++++ RECORDS FOR THIS EXERCISE

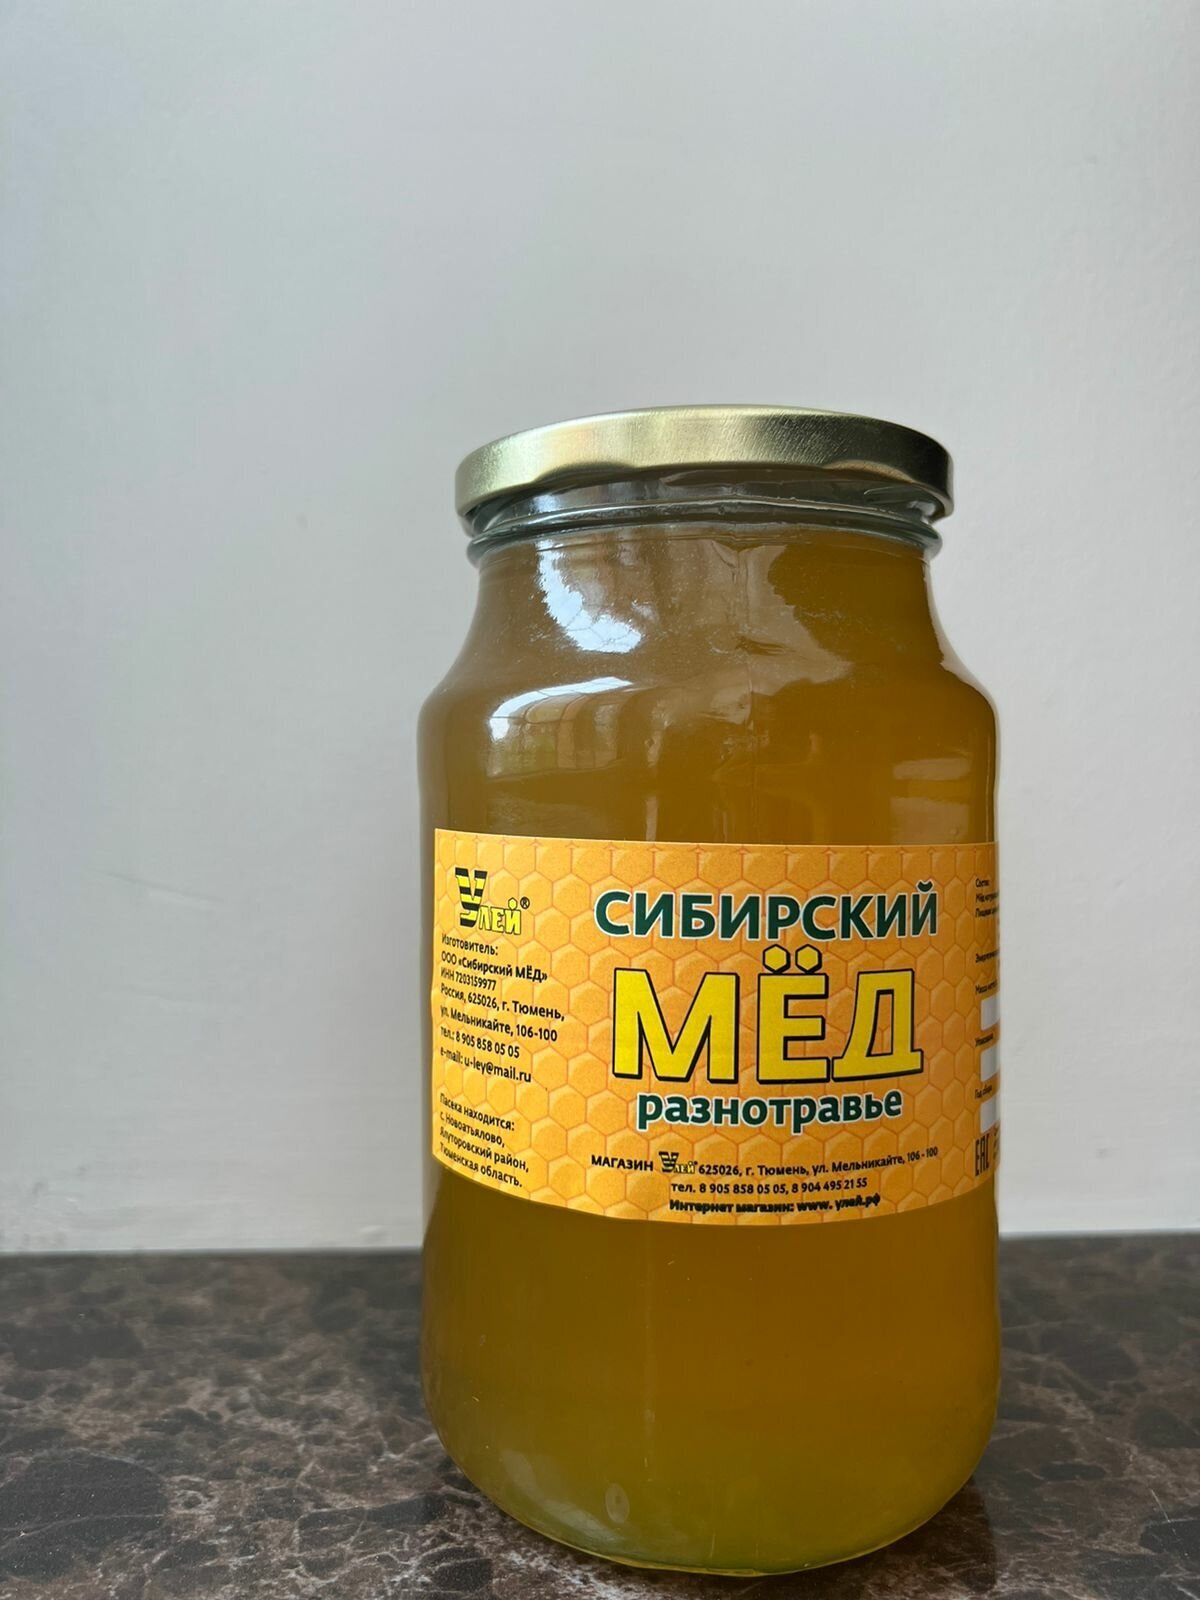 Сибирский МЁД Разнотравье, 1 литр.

++++++++
++++ RECORDS FOR THIS EXERCISE

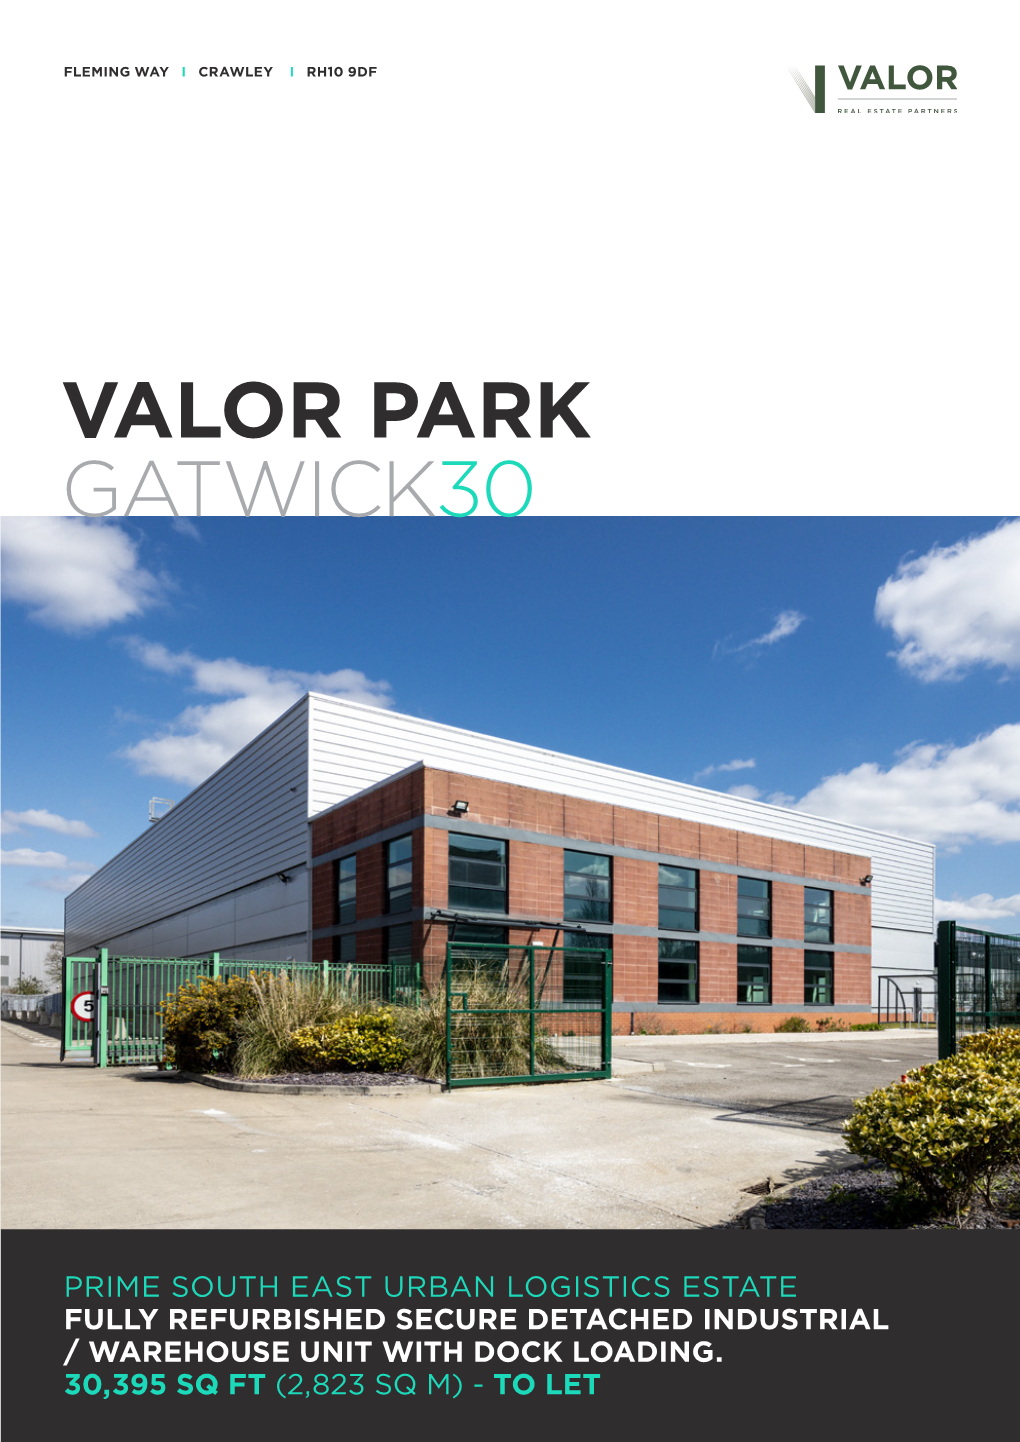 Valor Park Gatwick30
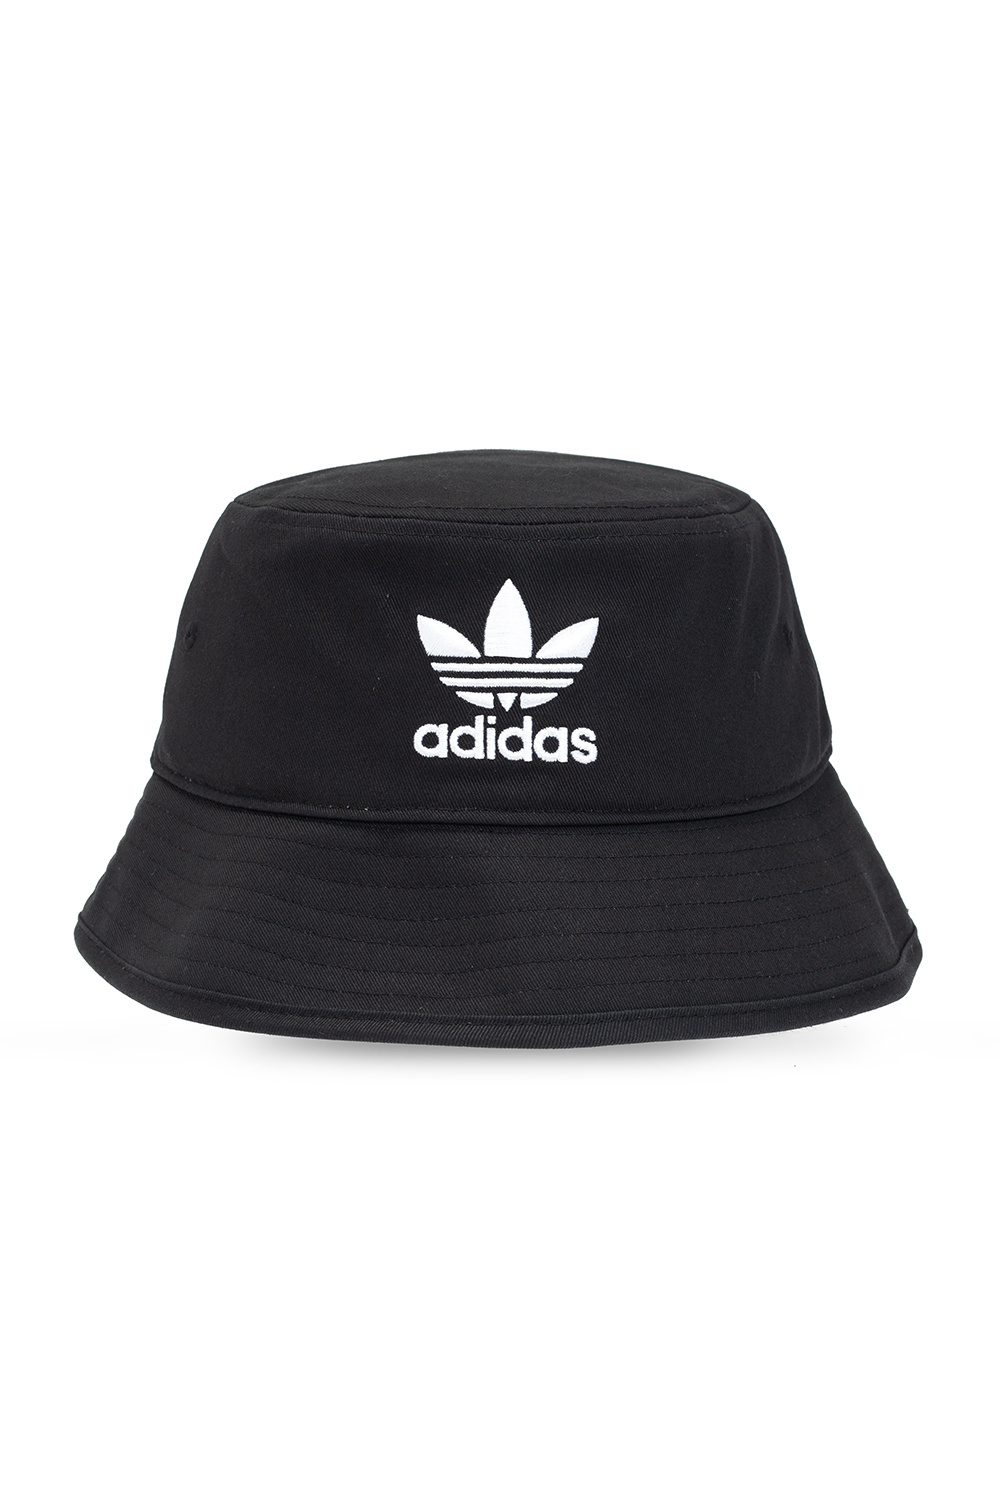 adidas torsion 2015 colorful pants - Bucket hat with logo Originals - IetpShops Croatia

++++++++

WHAT TO PRODUCE: Everything from the line with "Valor Park Gatwick30" down to the line with "adidas torsion 2015" in the data above should be copied exactly, with both end lines kept and the pictures left out.

OUTPUT BELOW:
 Valor Park Gatwick30
 adidas torsion 2015 colorful pants - Bucket hat with logo Originals - IetpShops Croatia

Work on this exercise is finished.